To the rest of the world, my sister died on the day of our tenth birthday.

July 6th, 1995

Roughly twenty five years ago, me and my sister were born. I entered this world first, and five minutes later, she came out. Five minutes. That was the only thing that separated us. We looked identical, with the same brown eyes and chestnut hair. Chucky legs and long fingers. But in the years that had yet to come, the five-minute ripple would expand until it became a deep hole with no end.

I was the healthy one, who drank milk, slept, and pooped, hitting every milestones before they were due. My sister cried a lot. She refused to drink my mother's milk and spitted formula out after three sips. She was smaller in size and weaker. Before we were two months old, one day, our father rolled us to the park. There were some raining and wind on our way back, and at night, my sister had a fever. Our mother rushed her to the emergency room, and they stayed there for another day. The details I didn't know, but I knew something changed that day. Because my mother, who even fifteen years after my sister's death, still wouldn't tell me what she learned from the doctor that day.

A secret was being kept. And it was the beginning to an end.

In the next ten years, I grew up healthy as any kid could be, but my sister was bound by illness. At five, she started complaining about a crawling pain under her skin. Mother took her to the doctors, but none could explain where the pain came from nor a way to fix it.

"We have ruled out every physical possibilities. I think it's time to consider that her pain might be psychological," said Dr. Evanston, who had been cracking my sister's mysterious pain for over four months. "We have ran every test there is. I'll refer you to a psychiatrist. Maybe they'll give you some answers."

The psychiatrist, Dr. Lindsey, lived fifty miles away from our house. Despite father's insisting that my sister faked her pain to avoid school or outdoor activities, mother took her to see Dr. Lindsey, who came up with a course of treatment, but that was when my sister began to change. She became increasingly quiet and pale. Sometimes, I caught her staring at a blank wall. Sometimes, she'd make strange "clicking" noise with her tongue and curl up her fingers as if she was gesturing someone or something.

I avoided direct eye contact with her as much as possible. We were in grade school then, and her behaviors freaked everyone out. Even the teachers would get a hard gulp and chills whenever my sister was near.

I didn't know what Dr. Lindsey did, but it couldn't have been good. Me and dad saw it, but mom didn't. She insisted that Dr. Lindsey was the only one who was helping, while the two of us would be so cruel to leave my sister in pain.

I stayed with dad while mom took my sister fifty miles away from home. My sister did stop complaining about her pain, but I saw the way she still scratched her arms sometimes. Her body would twist up at night as if there were bugs under the sheet.

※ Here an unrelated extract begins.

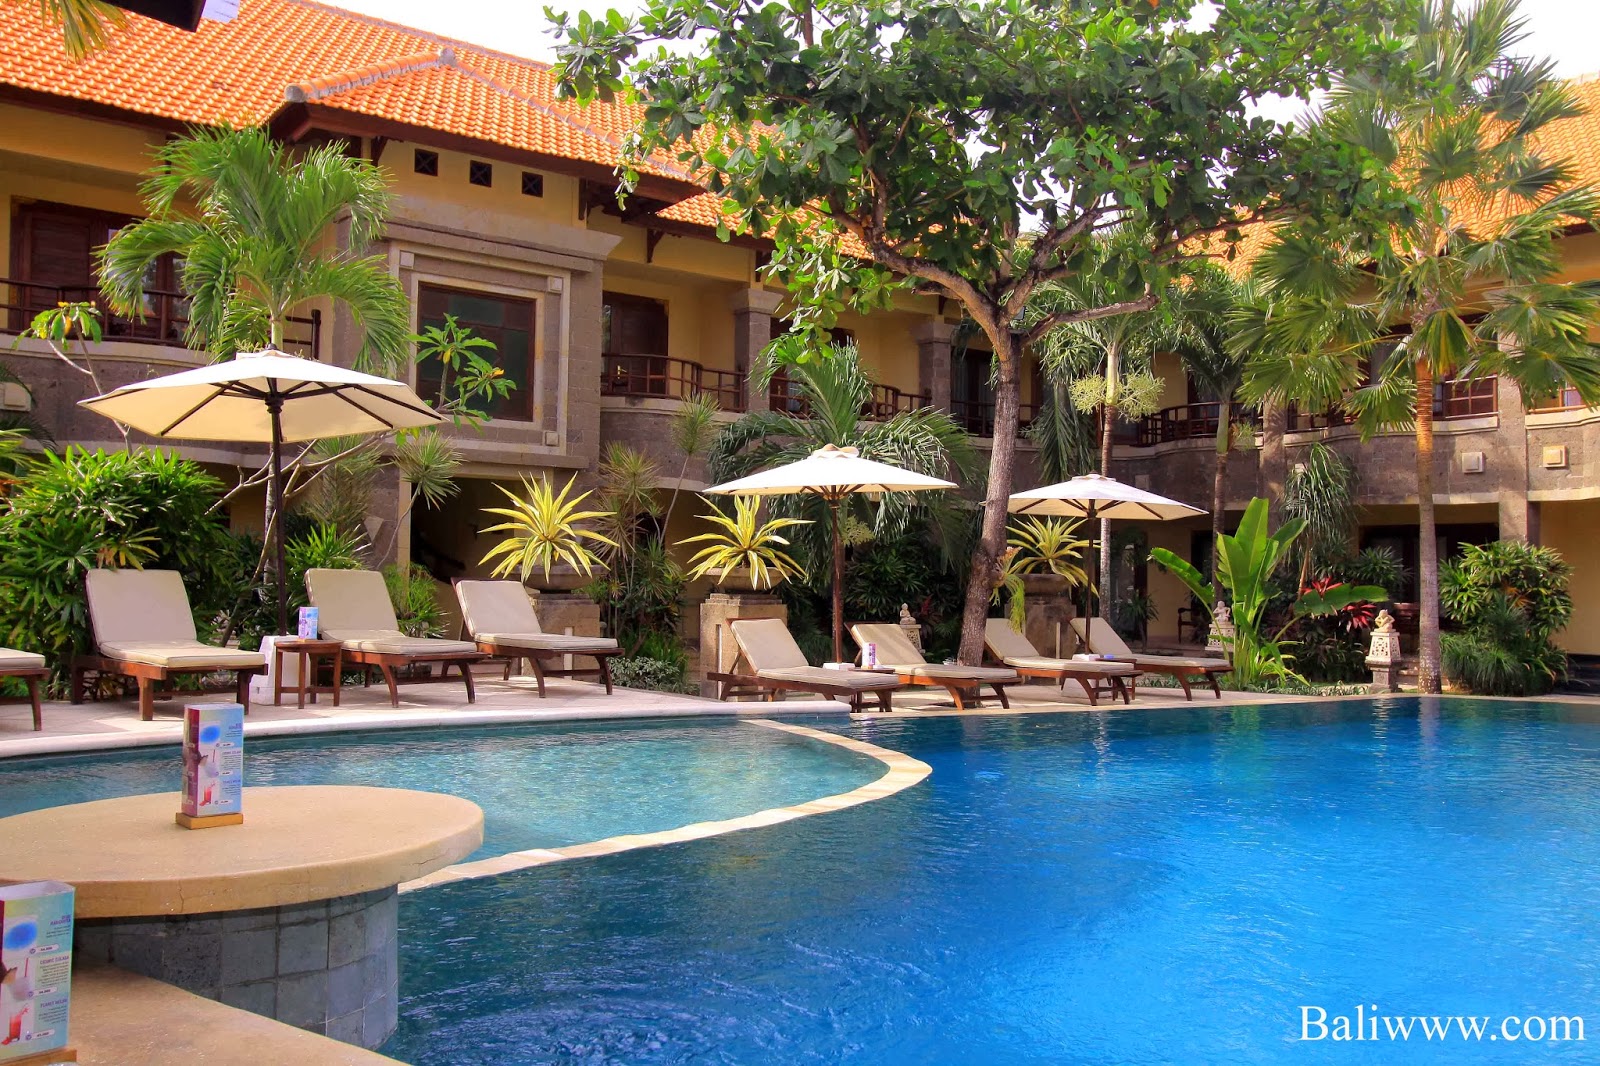 Hotel Murah di Bali | Tempat wisata di Bali

I also caught her staring at the ceiling at night. Sometimes, I woke up in the middle of the night, and she was still awake.

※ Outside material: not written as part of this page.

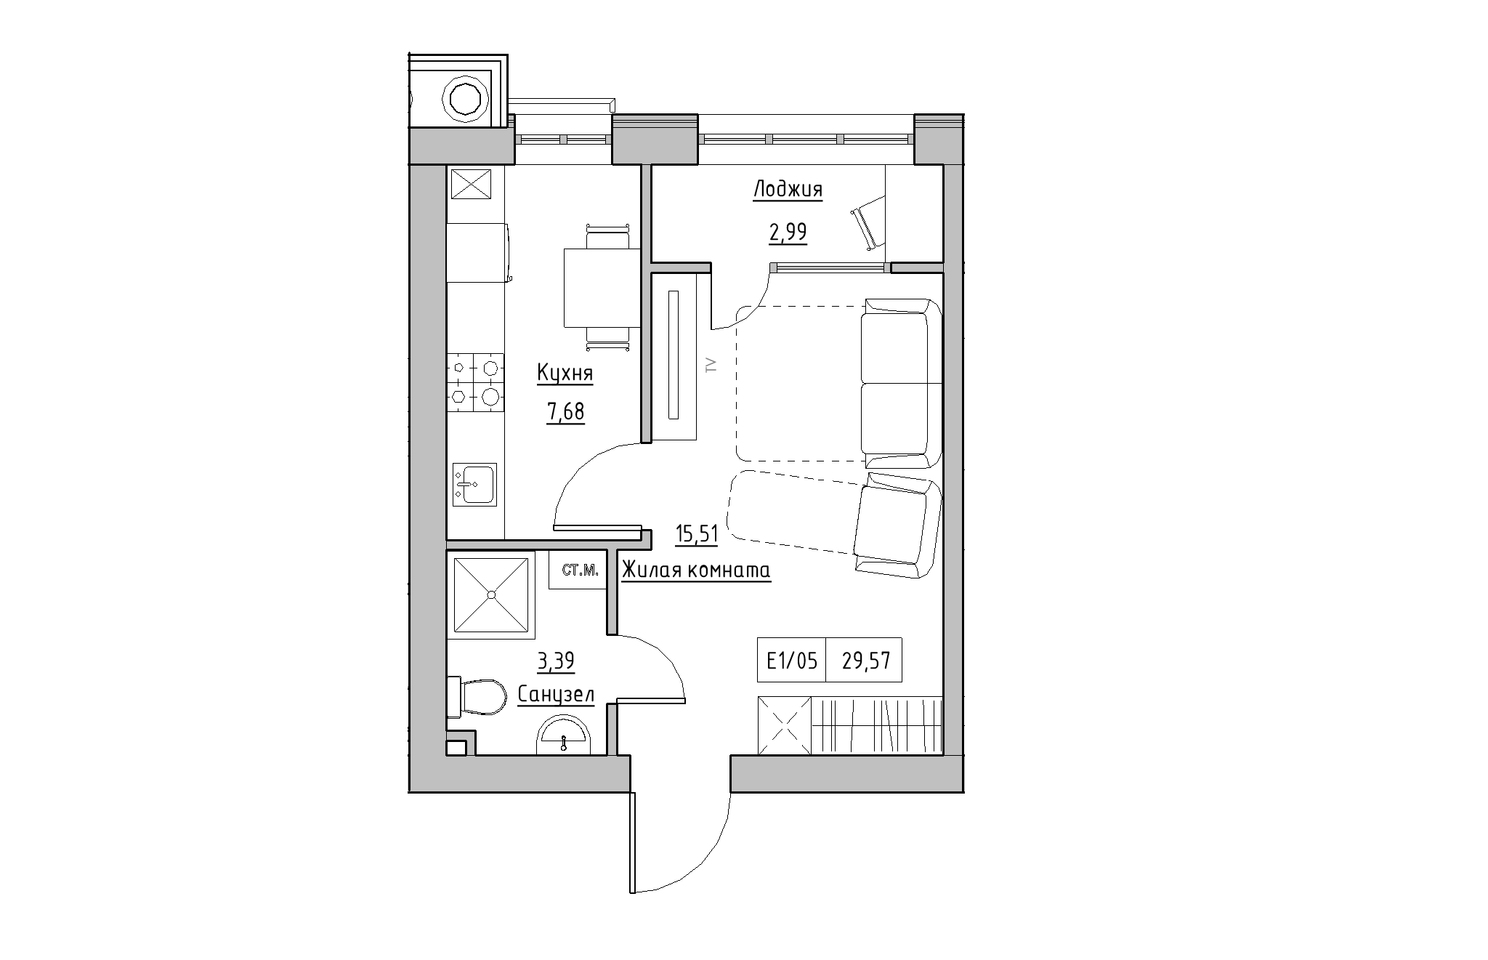 Планировка 1-к квартира площей 29.57м2, KS-010-04/0006.

"Are you okay?" I asked her weakly, rubbing my eyes.

"No," she replied softly.

"What's wrong?" I'd then ask. But her answer was either nothing or a shake of her head.

Secrets. I thought. It annoyed me that she wouldn't tell me what was going on.

After a month of seeing Dr. Lindsey, my sister started drawing. It was part of her art therapy, but what she drew concerned me and dad greatly. For one, I thought she was drawing eggs. One egg after another. She'd take the time to add shade and texture, then, she'd also add two eyes and a mouth, but things would go downhill very quickly. She became upset and enraged. She'd color the eggs black until the paper was pierced through by the color and the painting was ruined.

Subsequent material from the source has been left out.